Retainer assemblies have been developed for a broad range of applications, such as for reversibly clamping panels and circuit boards attached to the panels within a housing.
With some applications, it is important that the circuit board retainer insulate and dampen the circuit board from shock and vibration. For other applications, an important feature of the circuit board retainer is to effectively transfer heat generated by the circuit board through the panel and to the housing to which the panel is mounted. In these applications, the retainer assembly and the panel are made from heat conductive materials. The heat transfer is effective only between surfaces of the retainer assembly and the housing that are in direct contact, and the amount of heat transfer is directly proportional to the amount of shared surface area. Additionally, the heat transfer is more effective when a greater amount of force is applied between the housing and the retainer assembly.
A problem with prior art retainer assemblies is that they have a discontinuous surface that abuts against the housing slot. The surface is discontinuous because these prior art retainer assemblies have a plurality of wedge components that expand within the housing slot upon engaging an actuator screw that causes the wedge components to slide together. The wedge components form a rough and discontinuous surface that tends to catch against the housing slot as the panel slides into and out of the slot. This makes installation and servicing of the panels within the housing difficult because the panels do not smoothly slide in and out of the housing slots.
Another problem with prior art retainer assemblies is that they distribute heat unevenly because the wedge components form a discontinuous surface having only partial segments in direct contact with the housing assembly. This can cause the panel to have a discontinuous heat distribution pattern which can adversely effect electronic circuitry attached to the panel.
Still another drawback with prior art retainer assemblies is that they are not self contained when attached to a panel. Prior art retainer assemblies have a plurality of individual components that are interconnected but which are not encased by a housing or analogous structure. Accordingly, if a prior art retainer assembly is damaged and its individual components become disengaged, the components will be free to move about within the housing. Additionally, prior art retainer assemblies can become disengaged if the actuator screw is unscrewed too much. Again, the components will be free to move about within the housing. In either of the above scenarios, the disengaged retainer assembly components may disrupt the operation of the circuit boards within the housing.

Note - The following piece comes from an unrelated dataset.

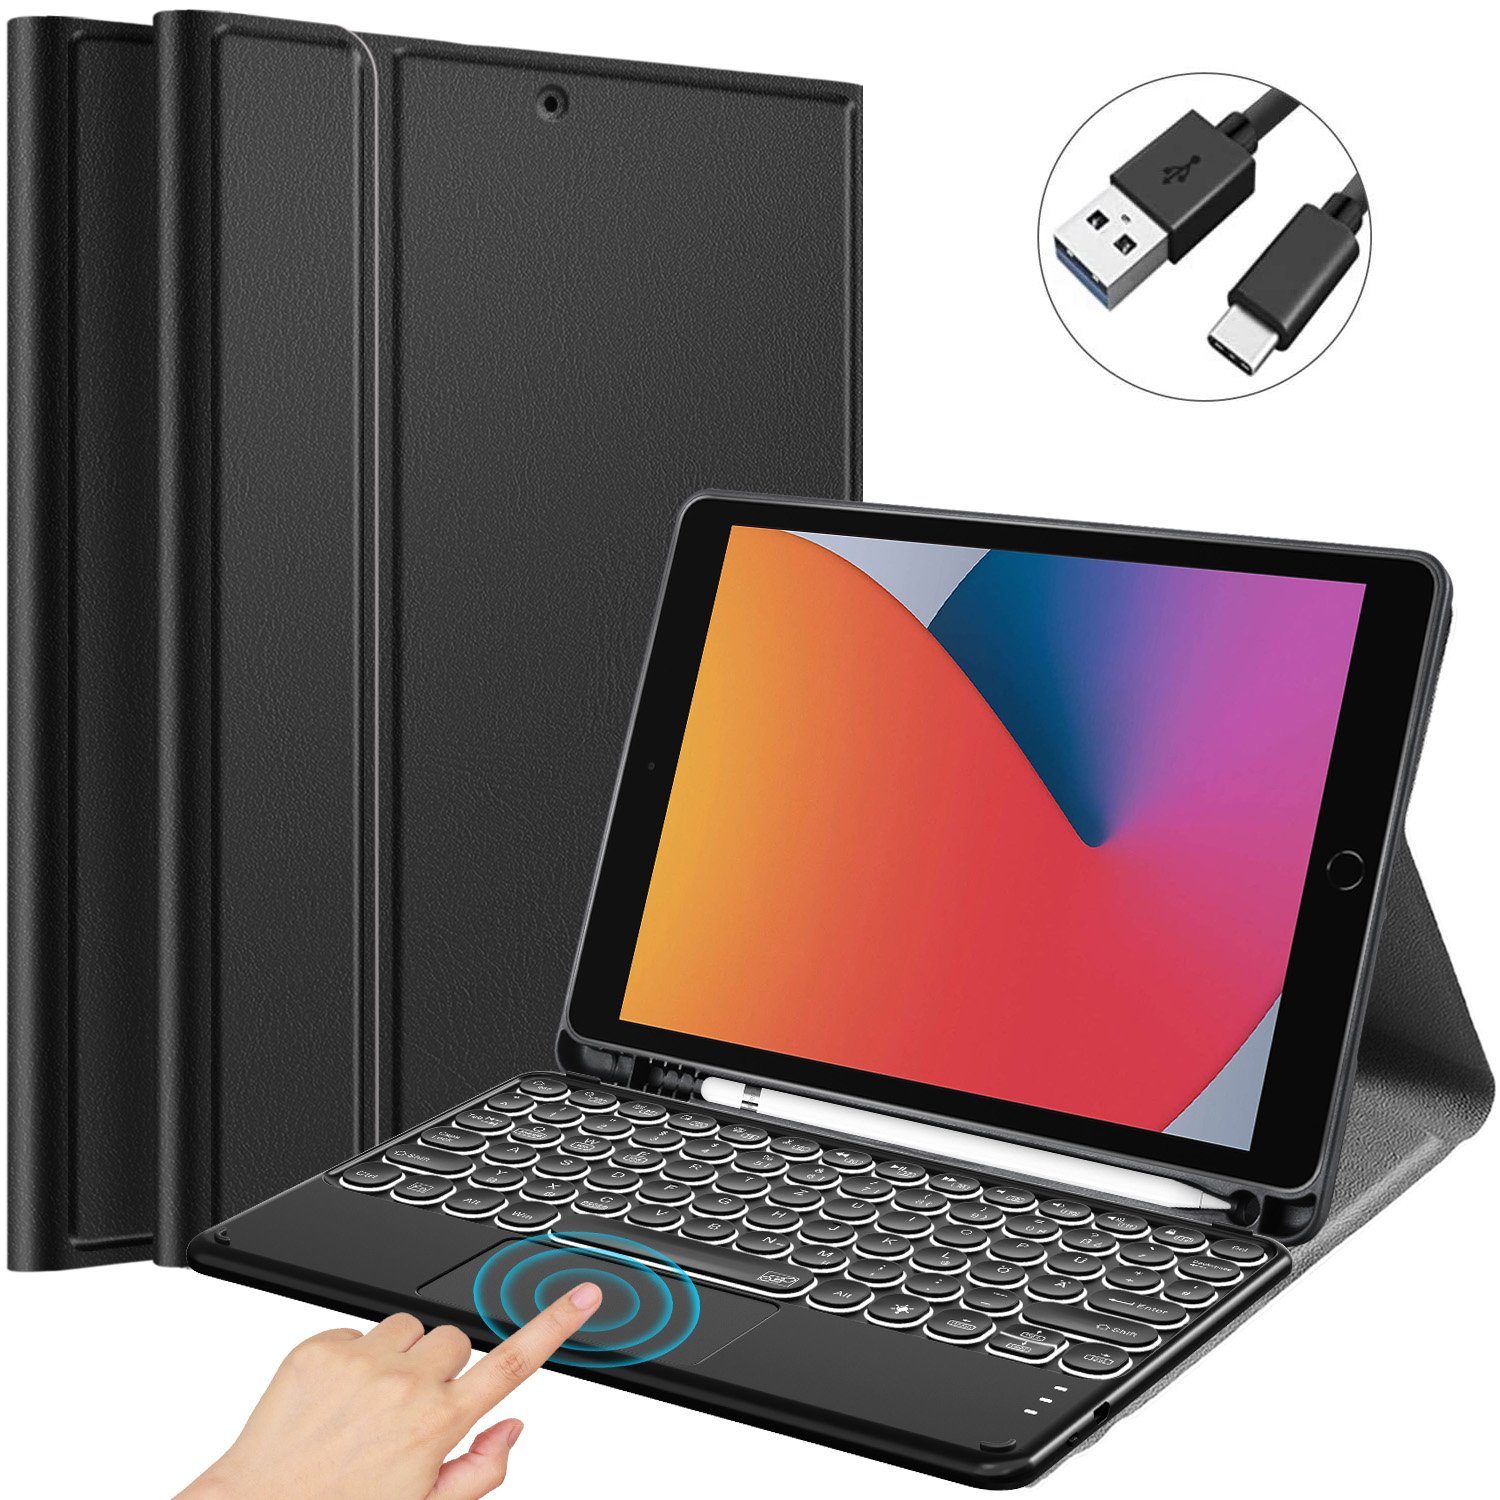 IVSO Tablet-Tastatur für ipad 2019/iPad Air3/ipad Pro 10.5/10.2 zoll iPad  mini Tablet-PC [QWERTZ Deutsches] Tablet-Tastatur (Beleuchtete Bluetooth  Tastatur mit Touchpad)

There is therefore a need for a retainer assembly that, when attached to a panel and placed in a slot in a housing, provides a smooth and continuous surface that allows the panel to slide freely in and out of the housing. There is also a need for a retainer assembly that provides a more uniform heat transfer surface when abutted against the housing slot. There is also a need for a retainer assembly that is self-contained such that, if damaged, the components are not free to move out of the assembly. Finally, there is a need for a retainer assembly that has a mechanism to prevent it from accidentally disassembling.